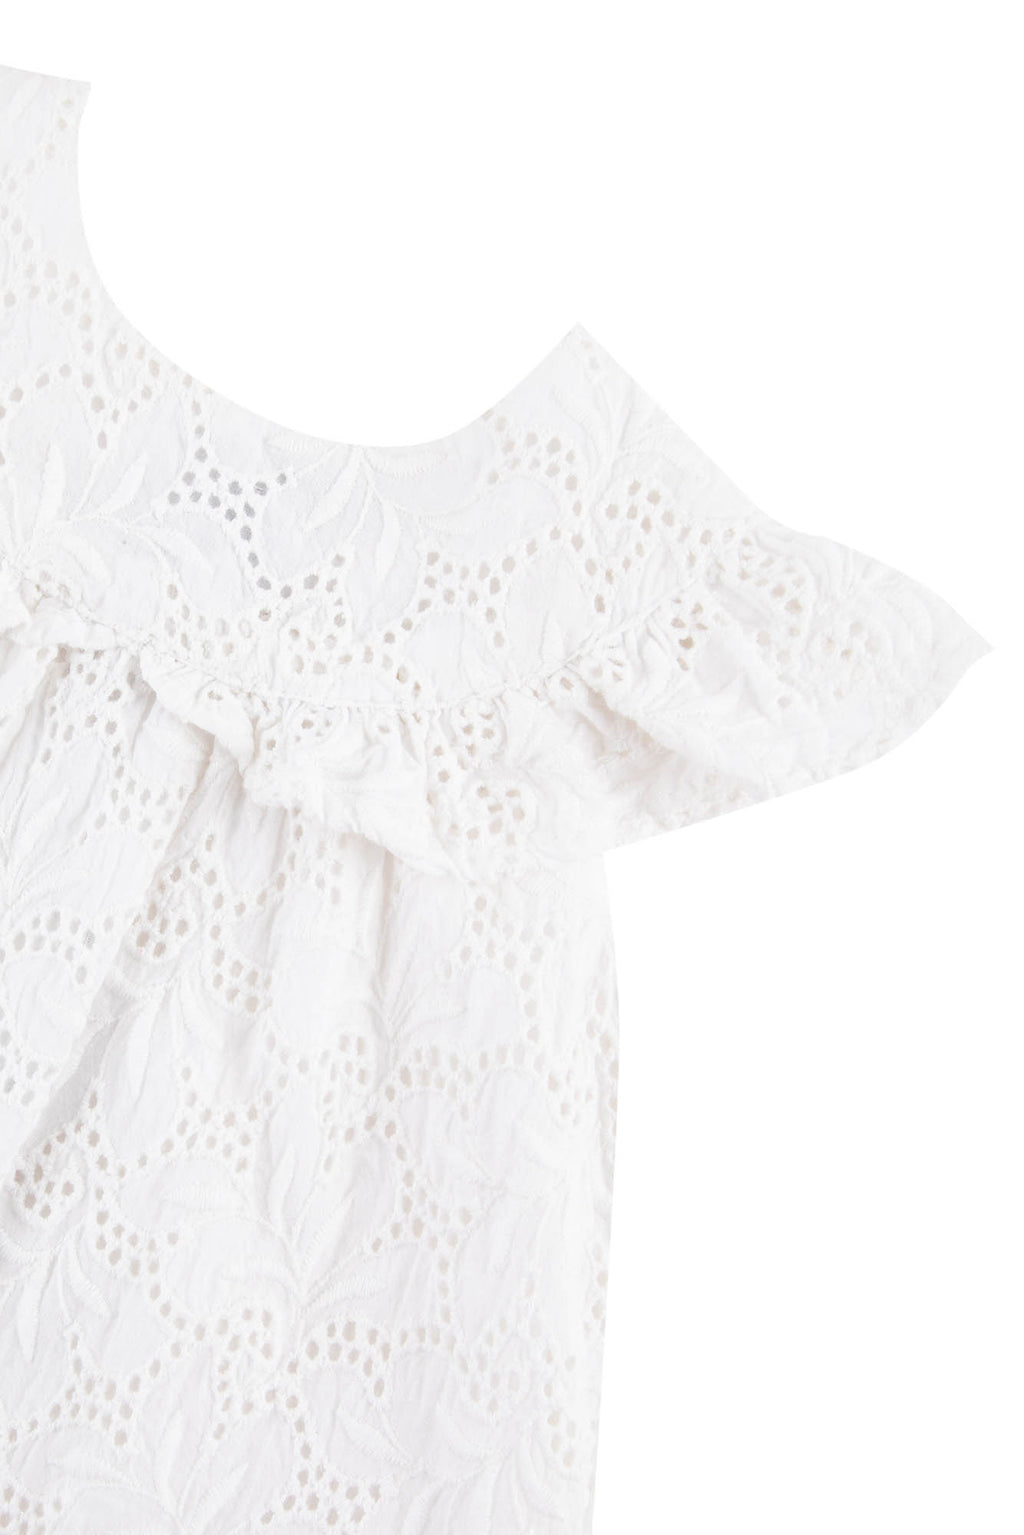 Dress - White English embroidery
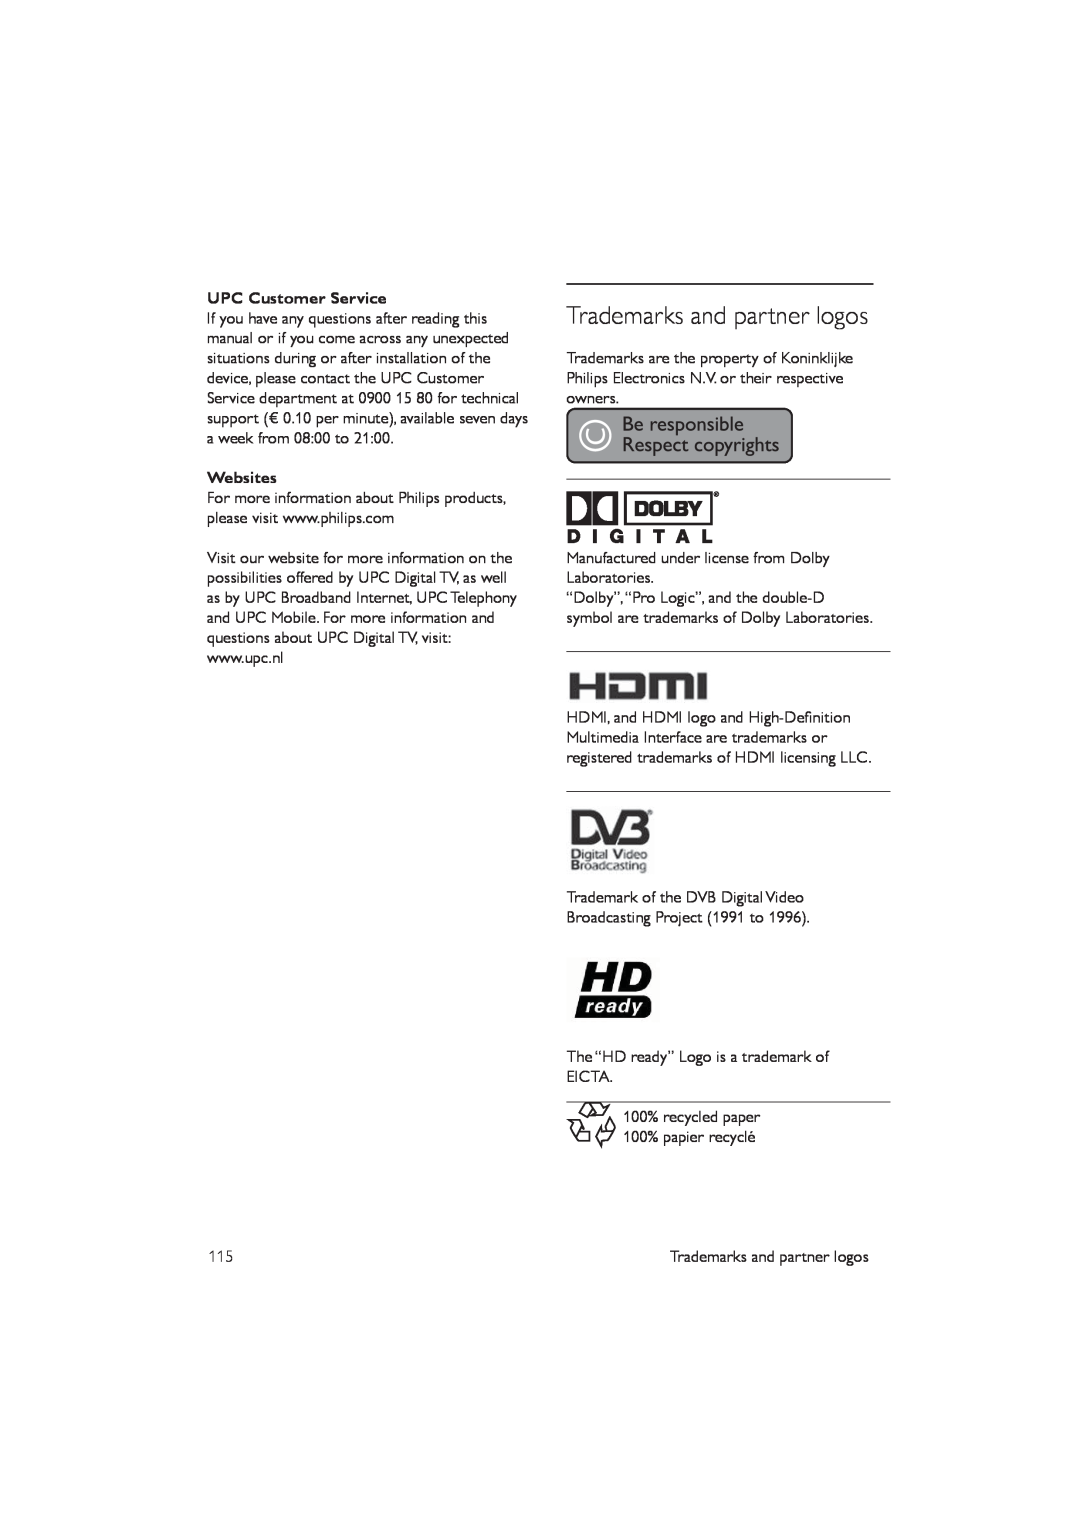 Philips DCR5012 manual Trademarks and partner logos, UPC Customer Service, Websites 
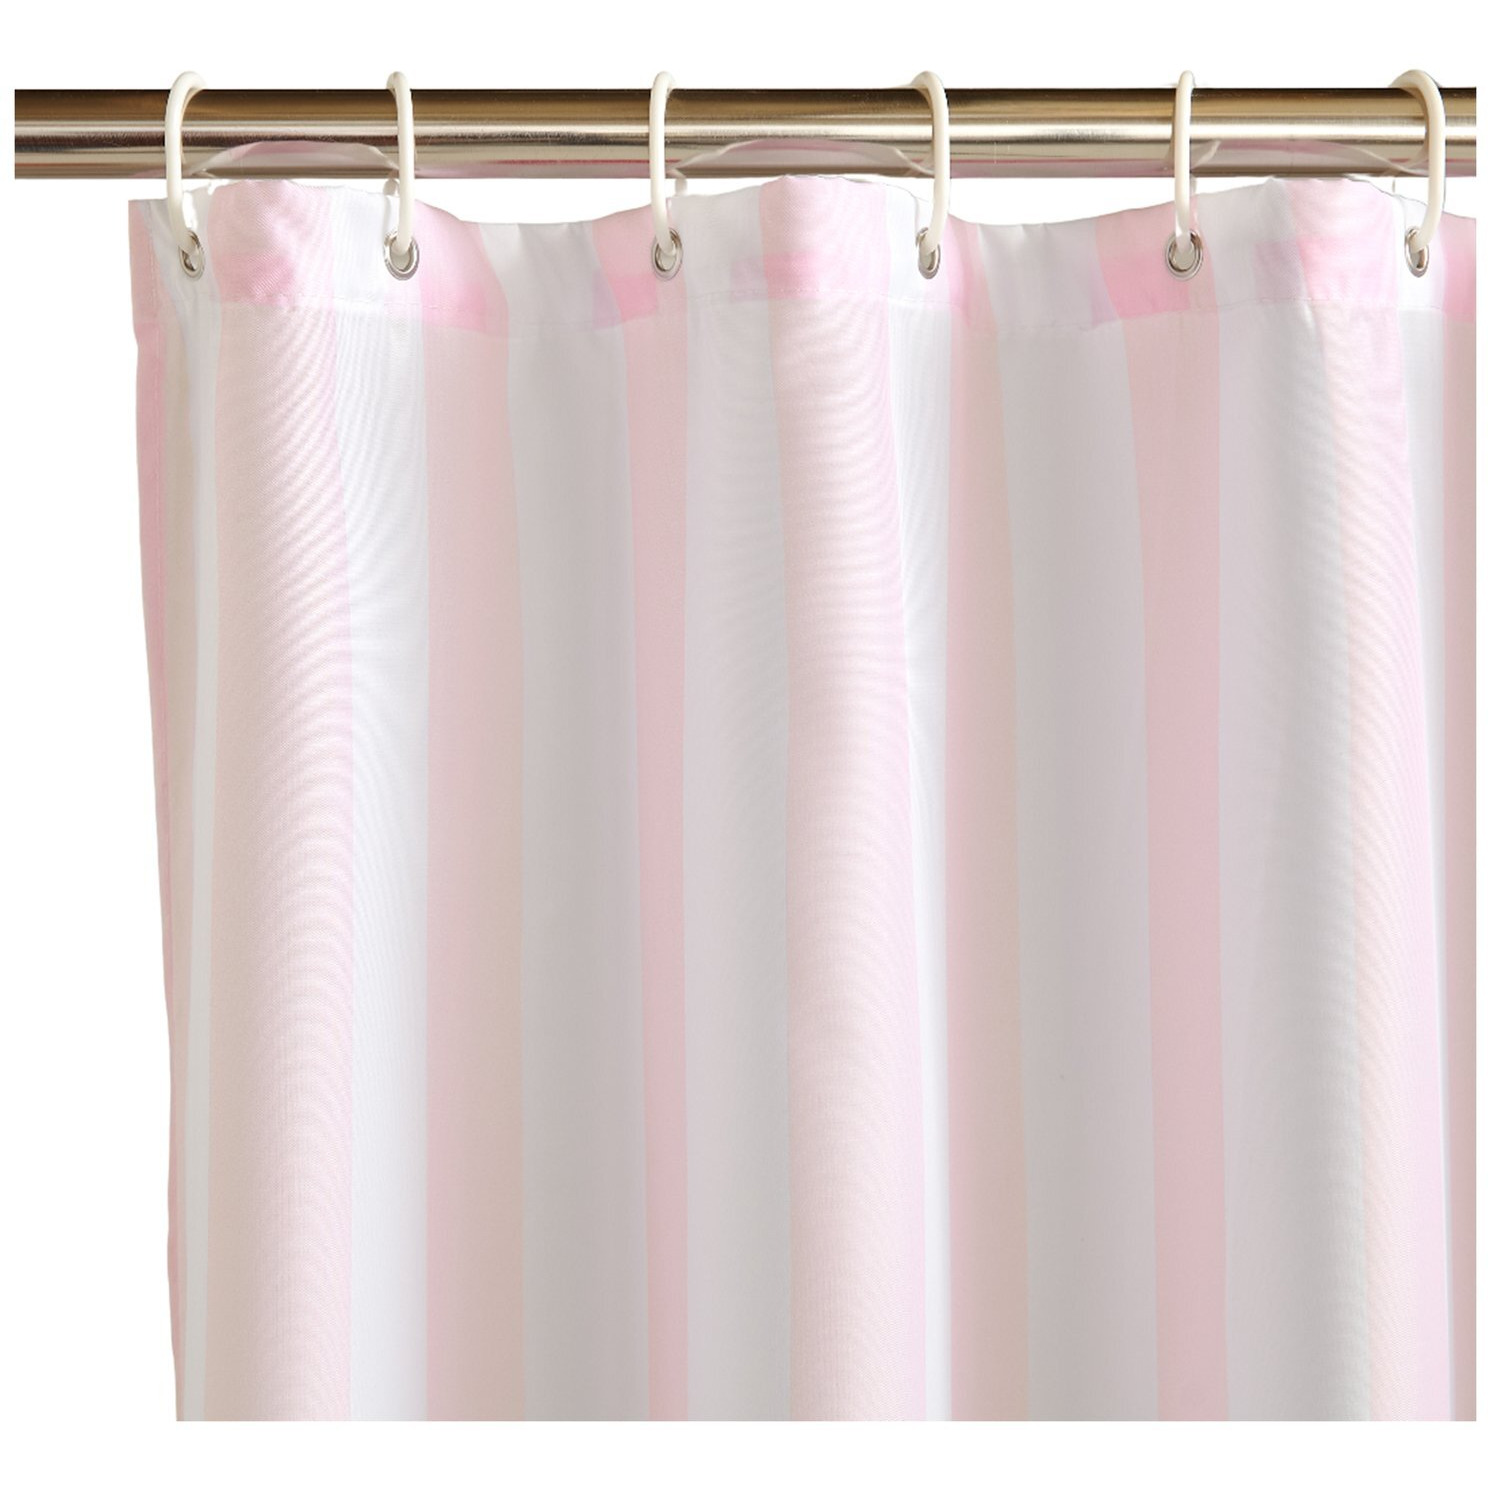 Sassy B Stripe Tease Shower Curtain - Pink - image 1

********************

Could you write out verbatim only those lines that run from the line containing "Philips DCR5012 manual" through the end of the listing above, both included, without the pictures?

 Philips DCR5012 manual Trademarks and partner logos, UPC Customer Service, Websites 
 Sassy B Stripe Tease Shower Curtain - Pink - image 1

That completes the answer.